INPUT FOR THIS TASK:
--------

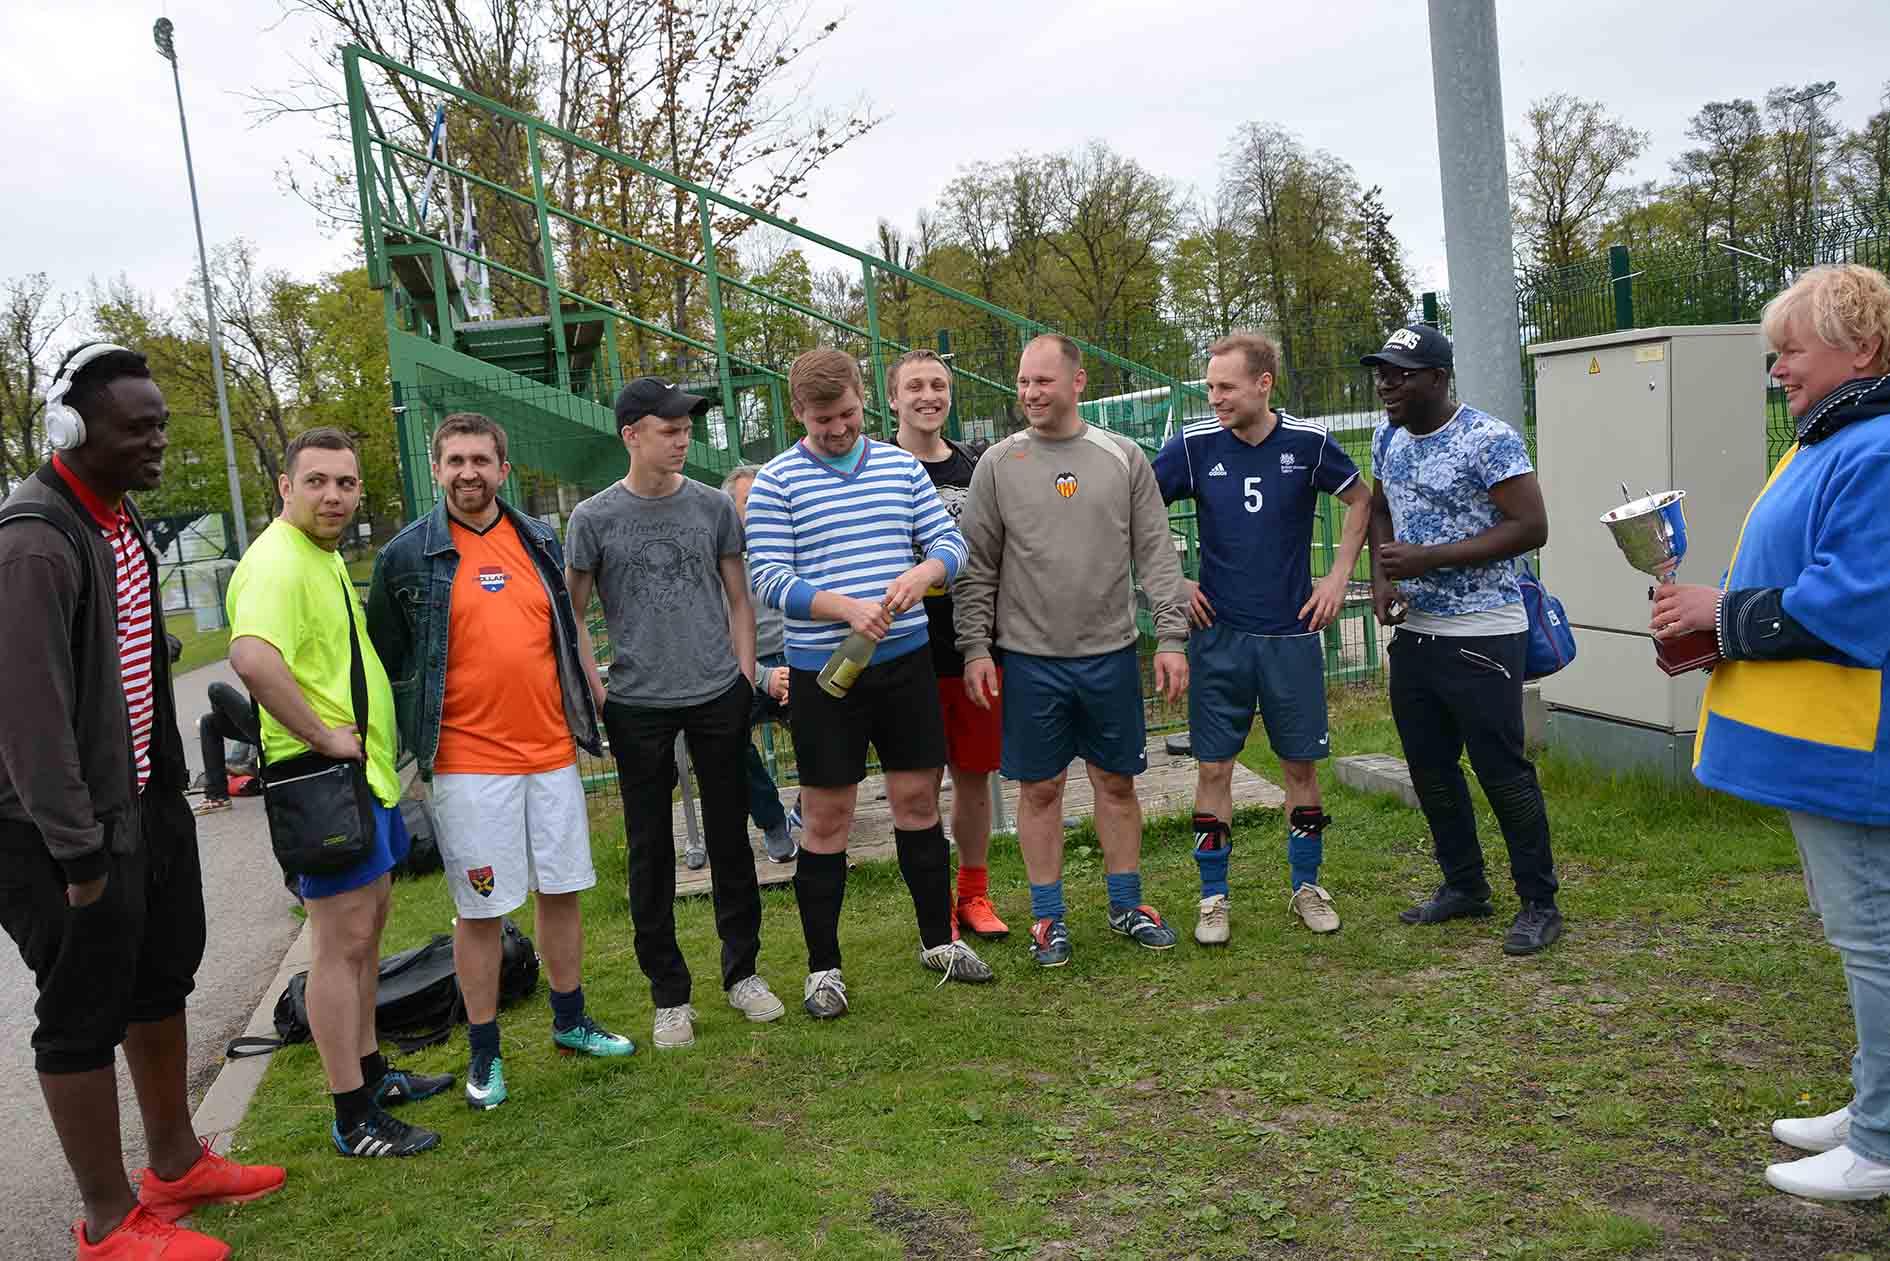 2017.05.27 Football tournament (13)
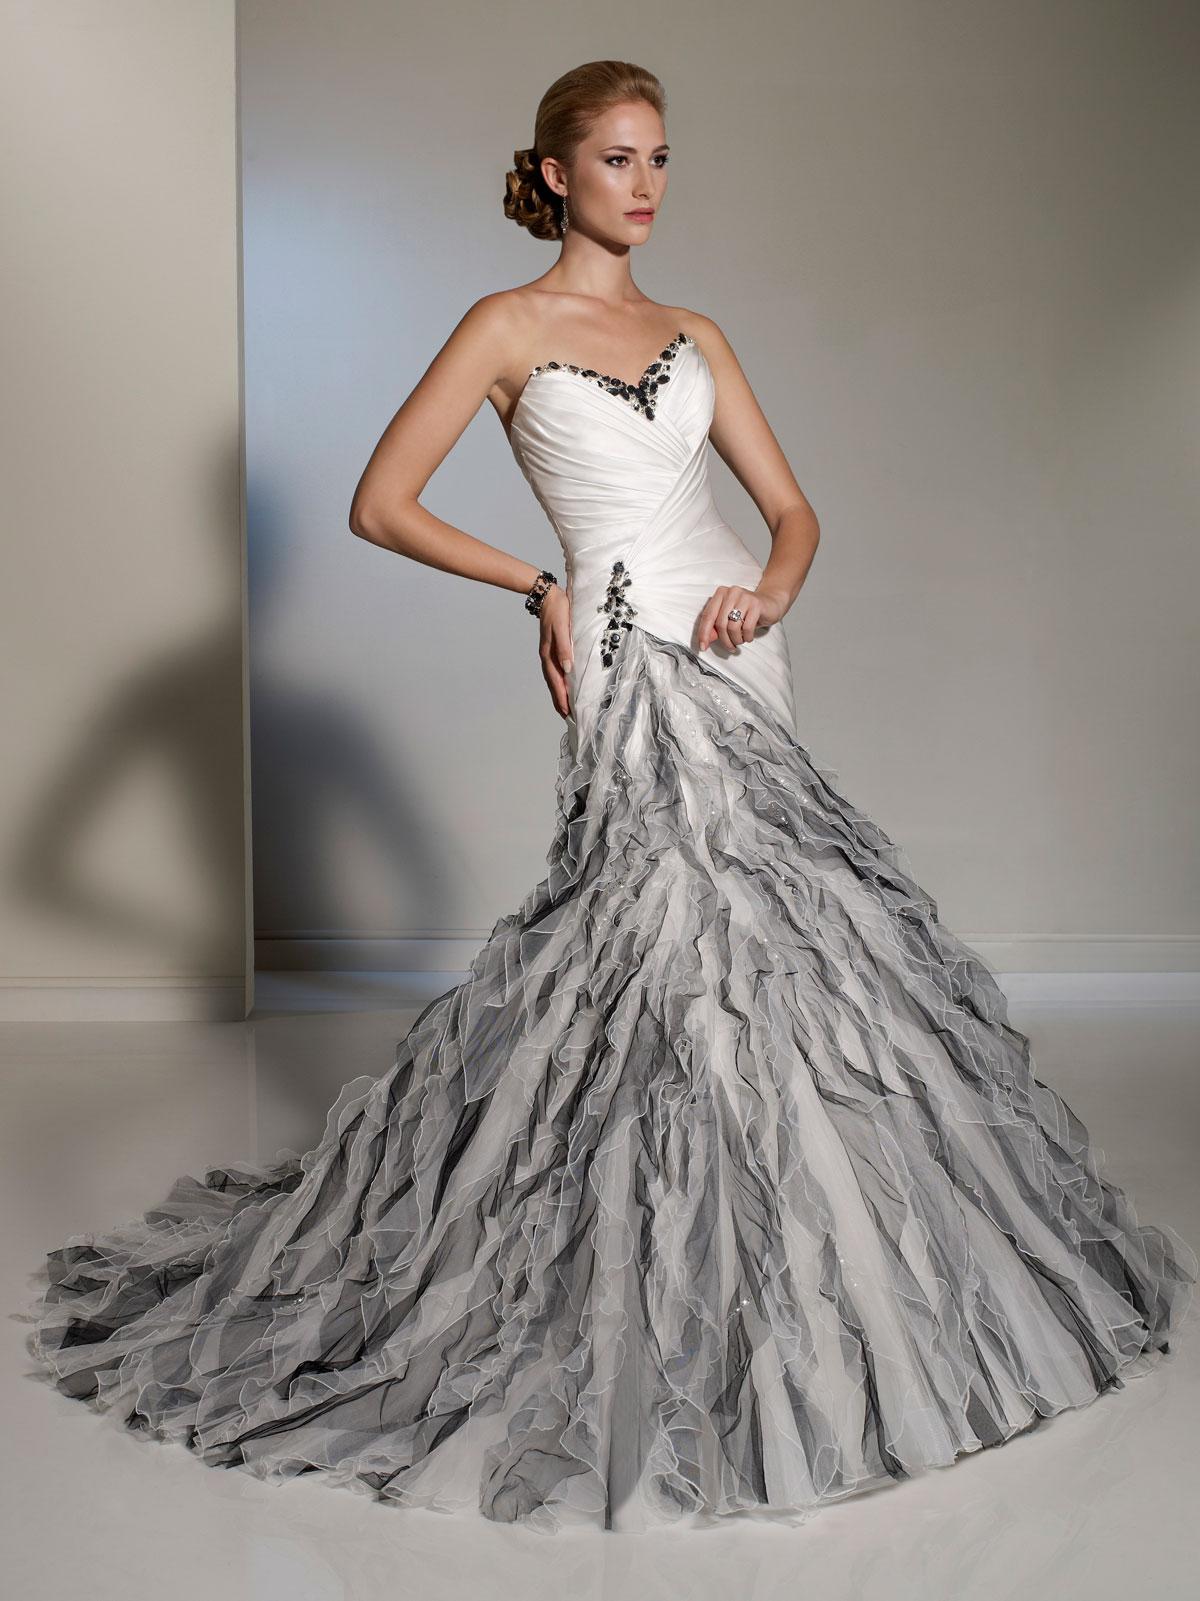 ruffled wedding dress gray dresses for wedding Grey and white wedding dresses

--------

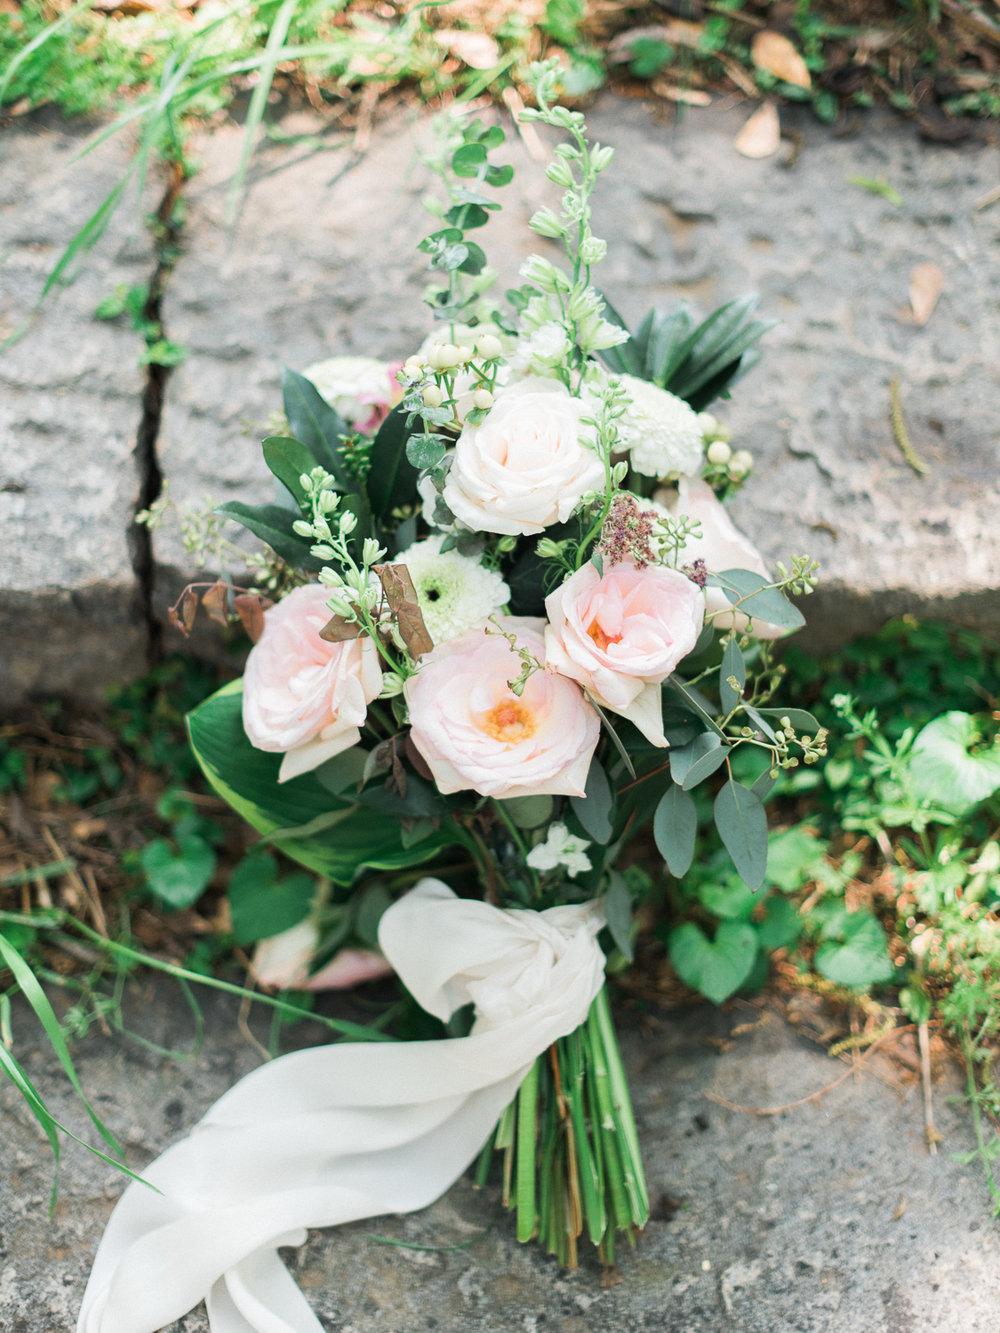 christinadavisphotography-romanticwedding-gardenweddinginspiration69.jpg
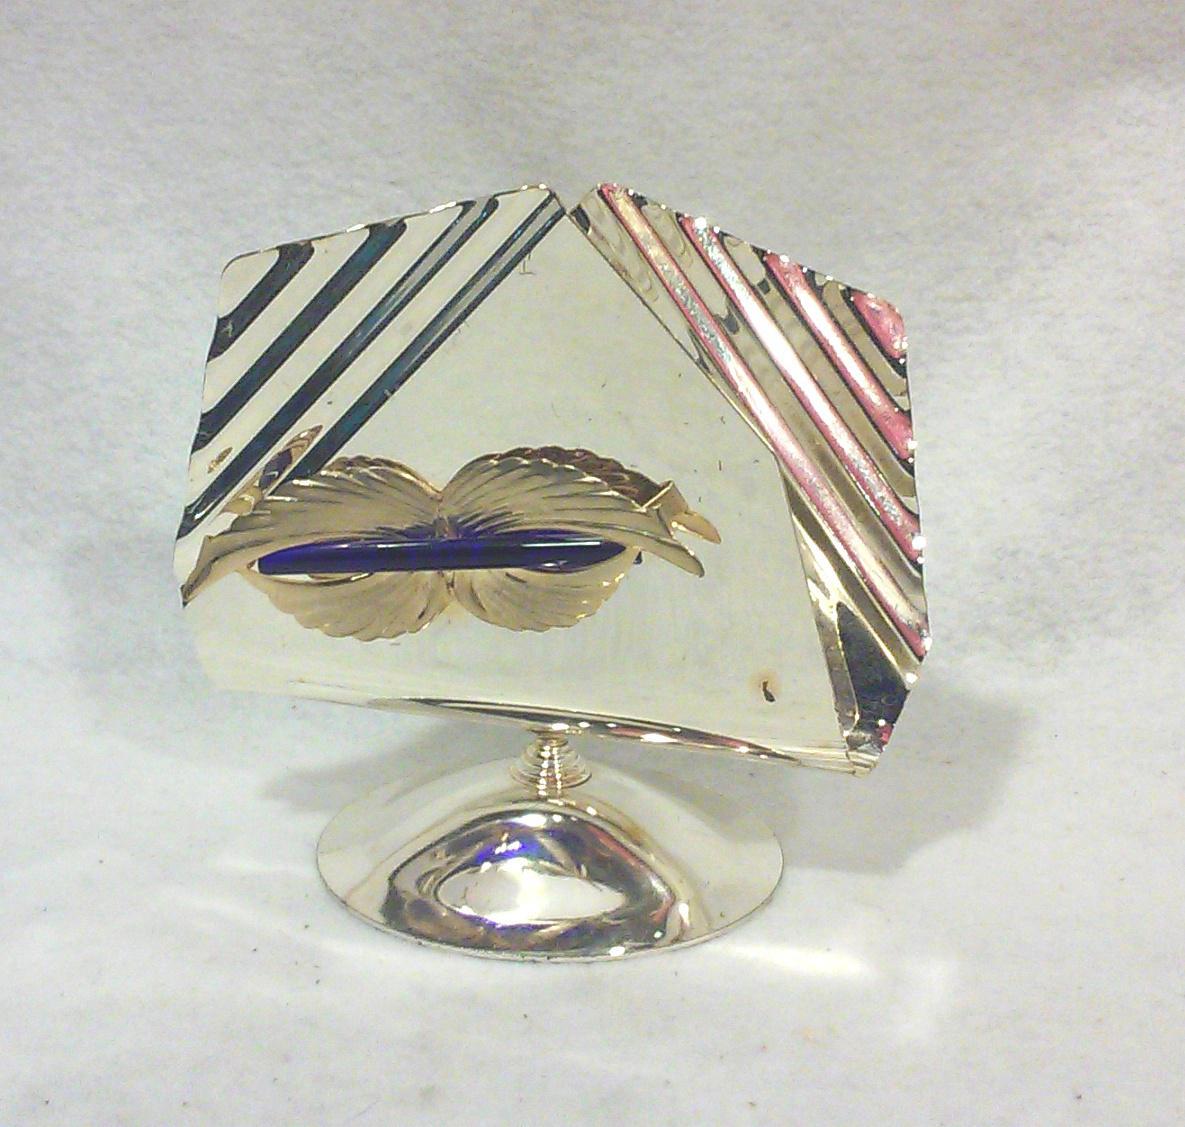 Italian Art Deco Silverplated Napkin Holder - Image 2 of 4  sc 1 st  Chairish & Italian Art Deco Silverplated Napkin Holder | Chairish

--------

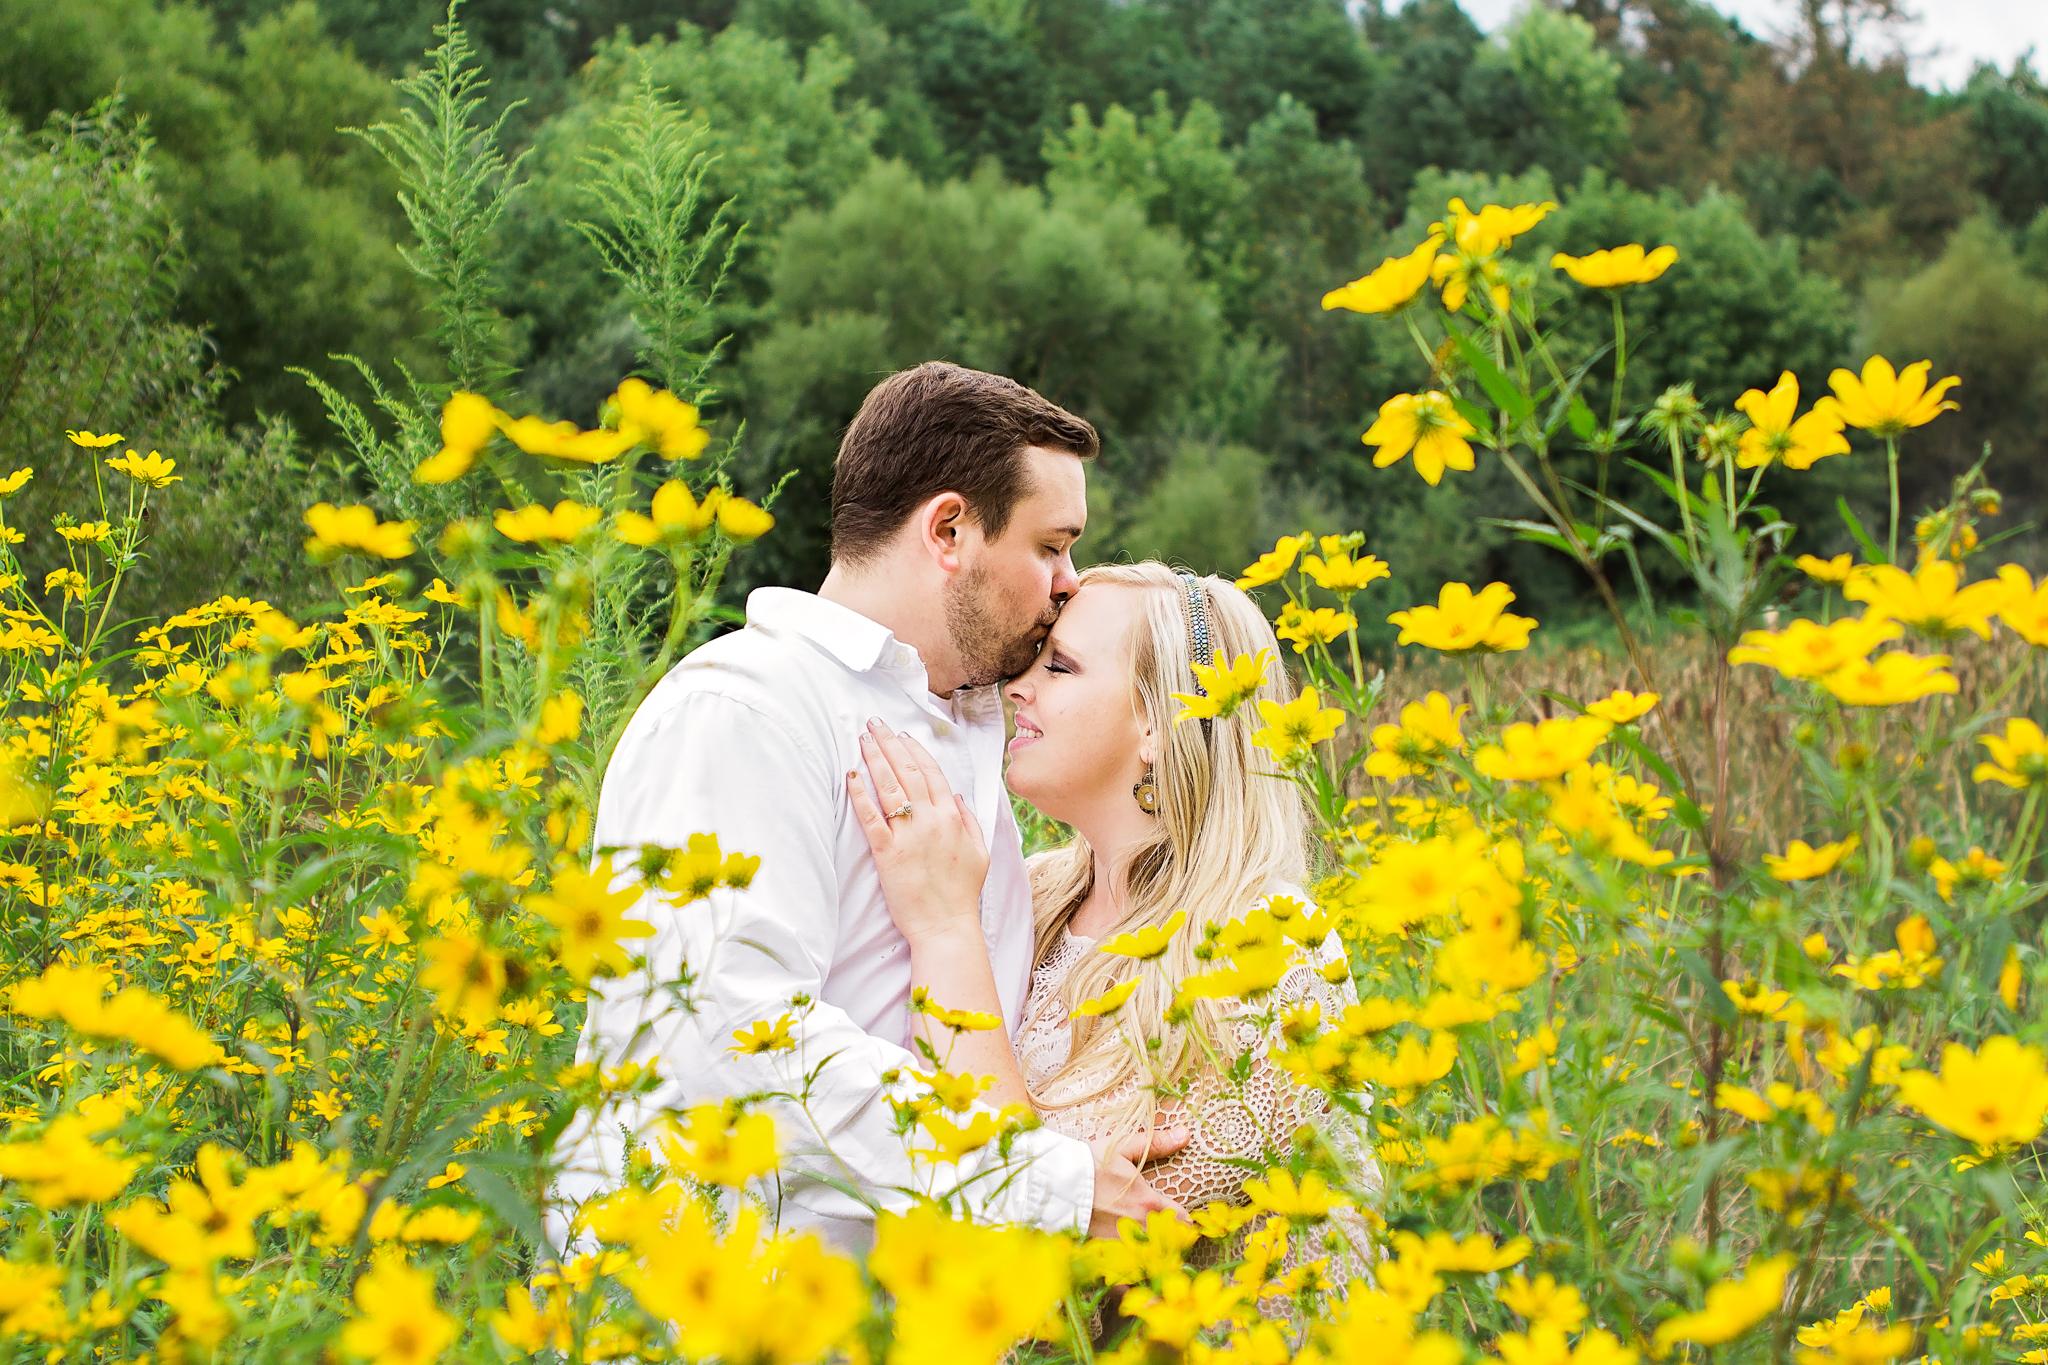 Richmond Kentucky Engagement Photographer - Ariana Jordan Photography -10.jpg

--------

WORK REQUEST:
Copy only what lies between the line with "2017.05.27 Football tournament (13)" and the line with "ruffled wedding dress", those two lines included, exactly as given above; pictures stay out.

PROBLEM SOLUTION:
 2017.05.27 Football tournament (13)
 ruffled wedding dress gray dresses for wedding Grey and white wedding dresses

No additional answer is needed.